Полетаев не выдержал.

— Ты меня уже умотала с этими мотивами! Я слышать о них больше не могу! Ощущение такое, что я все время на работе: там мотивы, здесь мотивы… Мне расслабиться негде! И зачем я с тобой связался… — Невзирая на табло, он полез в портфель за сигаретами. — Одна нервотрепка и убытки. Вон, экспертизу за свой счет провел. Зачем, спрашивается? Кстати, тебе результаты еще нужны или теперь можно их выбросить?

Даша оторвалась от иллюминатора.

— Результаты? Ну давай их сюда… Приложу к делу. Что, много потратил?

Полетаев махнул рукой.

— Ерунда. Привезу ребятам по паре сувениров и…

— Я сама куплю: моя же просьба.

— На, держи. — Подполковник достал из портфеля прозрачную папку. — Кстати, ты так мне и не рассказала: у кого зуб-то вырвала?

— Какая теперь разница?

— Просто интересно, где ты за полчаса столько родственников для анализа умудрилась откопать. В Москве-то у тебя, практически, никого не осталось.

Не переставая удивляться занудству подполковника, Даша дернула плечом:

— По-твоему двое — это много?

— Двое? — Рука Полетаева застыла на папке. — Как это — двое?

— Ну так. Я и папа. А что?

Подполковник смотрел на папку, будто опасаясь, что из нее сейчас полезут змеи.

— Странно… Эксперт утверждает, что тут несколько больше.

— Ну да, — сообразила Даша. — Богдан-то формально тоже мне родственник.

— Да не в Богдане дело. Вас тут не трое родственников. Четверо.

— А?

Самолет загудел и медленно покатился по взлетной полосе. Даша почувствовала, как ослабли ноги. Она протянула руку к папке.

— Сколько ты сказал?

— Четверо. — Полетаев по-прежнему придерживал папку рукой. — А ты сколько думала?

— Я же сказала — трое. Это вместе с Богданом.

— Кто были остальные двое?

— Ты… — Даша сглотнула. Полетаев изменился в лице.

— Забудь об этом. Кто еще?

— И… Филипп.

— Филипп?!

Некоторое время попутчики ошарашенно смотрели друг на друга. Неожиданно подполковник рассмеялся.

— Вот тебе и мотив! — Он хлопнул себя по колену. — Я так и знал, что это он. Только после покушения засомневался. Нет, вы посмотрите, какой артист! Получается, он сам в себя стрелял как только сообразил, что я его подозреваю. Ну и родственнички у тебя — сплошь жулики и убийцы!

— Так ты и вправду его подозревал? — тихо спросила Даша.

— Да с самого начала! И, как мог, пытался от тебя изолировать. Теперь тебе понятно, почему наследники погибали именно в такой последовательности? Ты их находила, а он их убивал.

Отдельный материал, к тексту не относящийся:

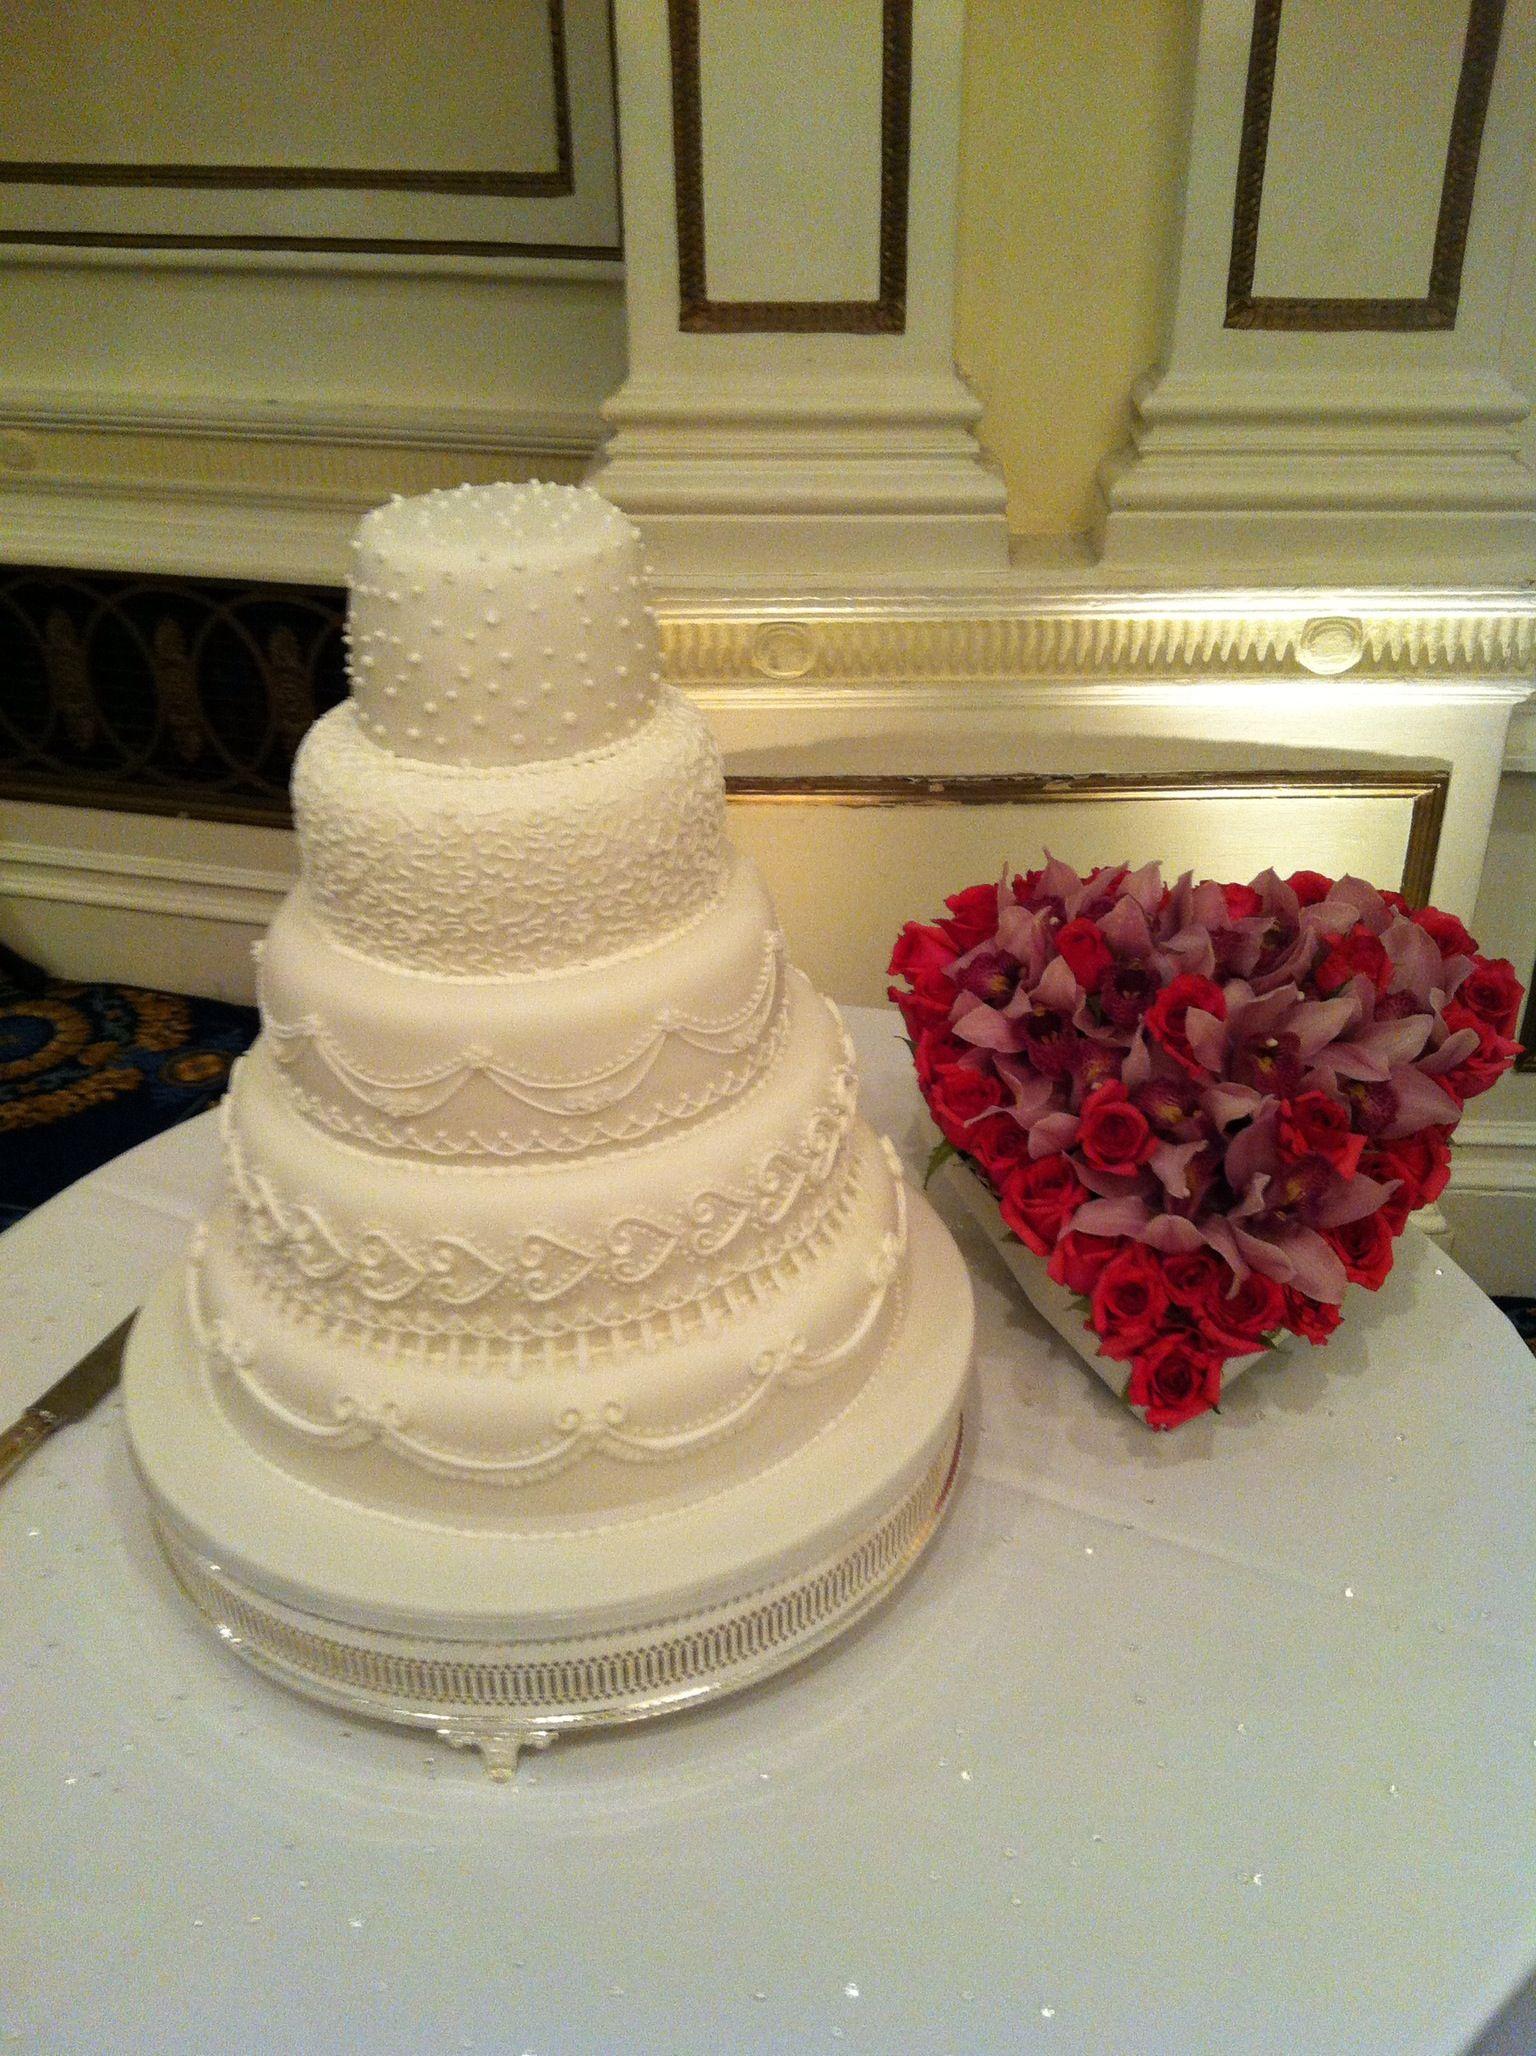 5 Tier Wedding Cake   Cakes   Pinterest   Tier wedding cakes ...
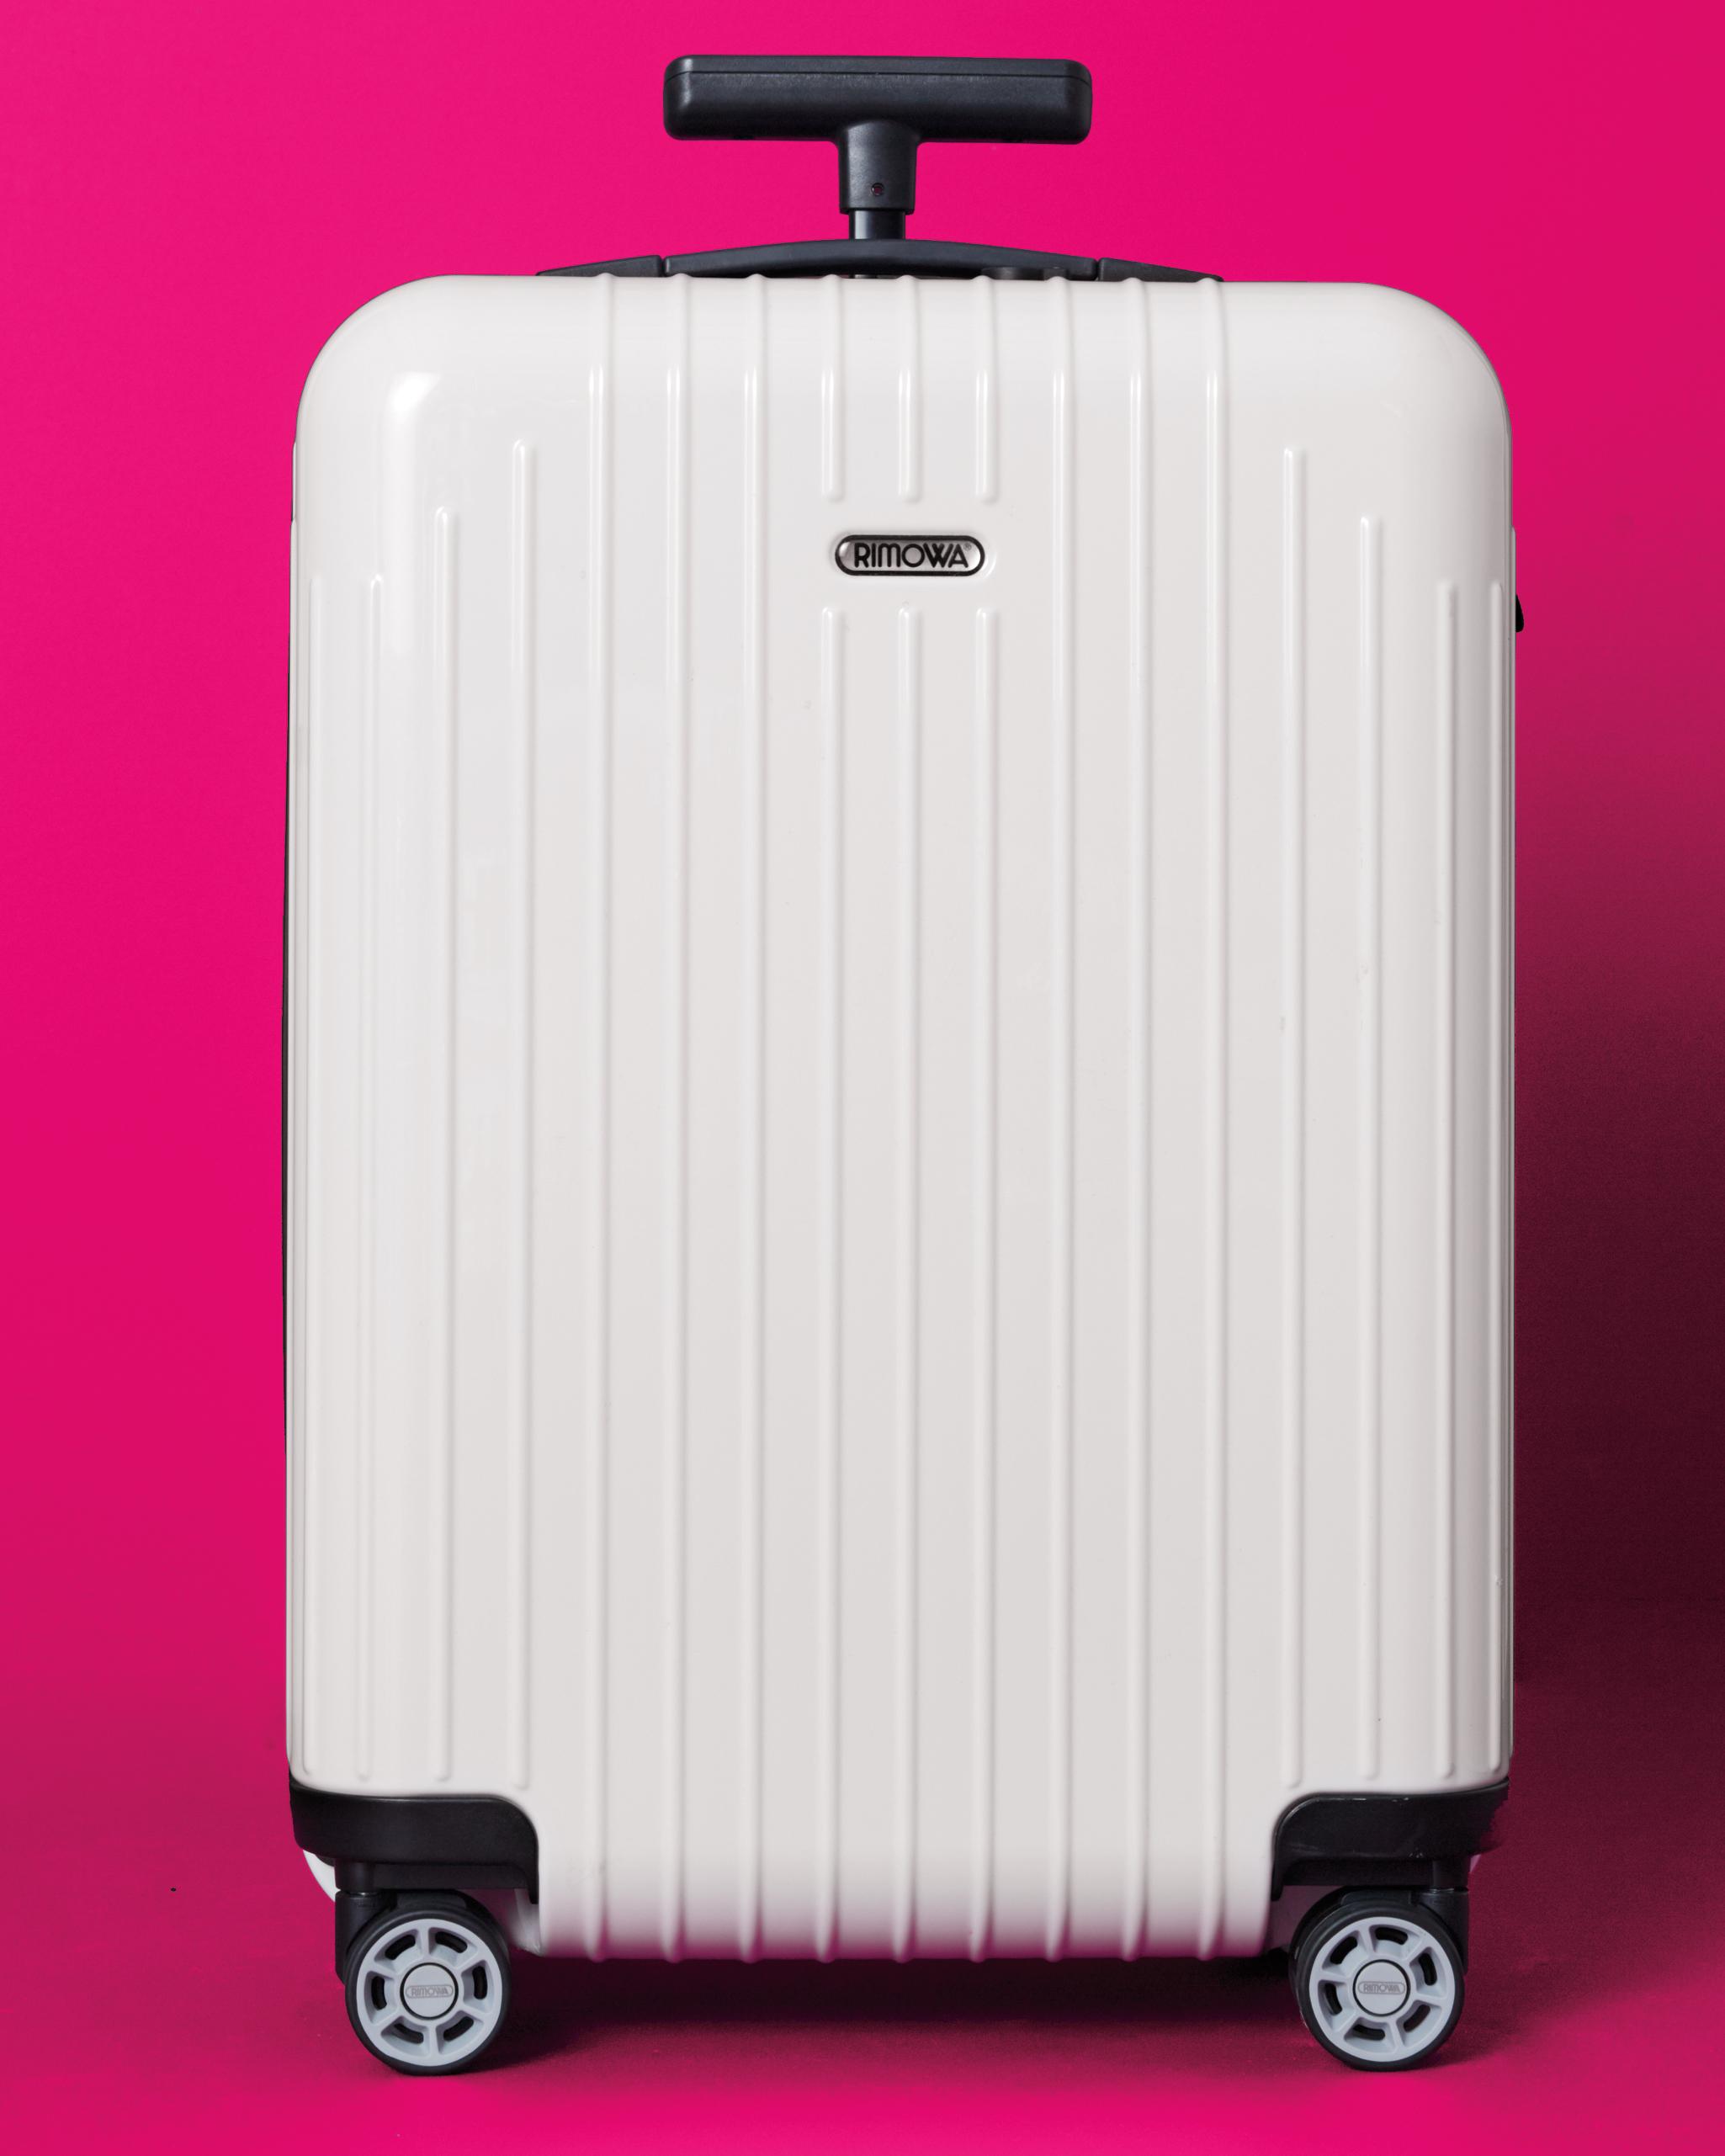 rimowa-luggage-228-d112473.jpg

— Но… это не возможно. Филипп совершенно не такой человек. — Даша подняла полные слез глаза. — Я никогда не поверю, что он может кого-то убить.

— Как видишь, смог.

— А я не верю! — Даша упрямо тряхнула рыжими кудрями. — Зачем ему это было надо?

— Ты насчет мотива? — злорадно прищурился Полетаев. — Так здесь он такой, что и сомневаться-то грех. Этот мотив посильнее всякой корысти будет. — Сунув сигарету в рот, он принялся искать по карманам зажигалку. — Твой милый Фи-фи, судя по всему, прекрасно знал тайну своего происхождения. Знал, но никак не мог понять, почему же родная мать выдает его за приемного. Так бы он и мучился этим вопросом всю оставшуюся жизнь, да только напоролся на фотографию брата своей мамаши. Ту самую, которую подсунули через Белова Гончарук-Маневичи. Он, дурачок, обрадовался, побежал с радостной вестью к мамаше, и тут вдруг оказалось, что сиятельная баронесса не просто не хочет признавать его своим сыном, а напротив — готова немедленно отдать все свое состояние и любовь первому попавшемуся, но законному Вельбаху. Как только Кервель это понял, он пошел на убийство. И ты знаешь, по-своему он прав.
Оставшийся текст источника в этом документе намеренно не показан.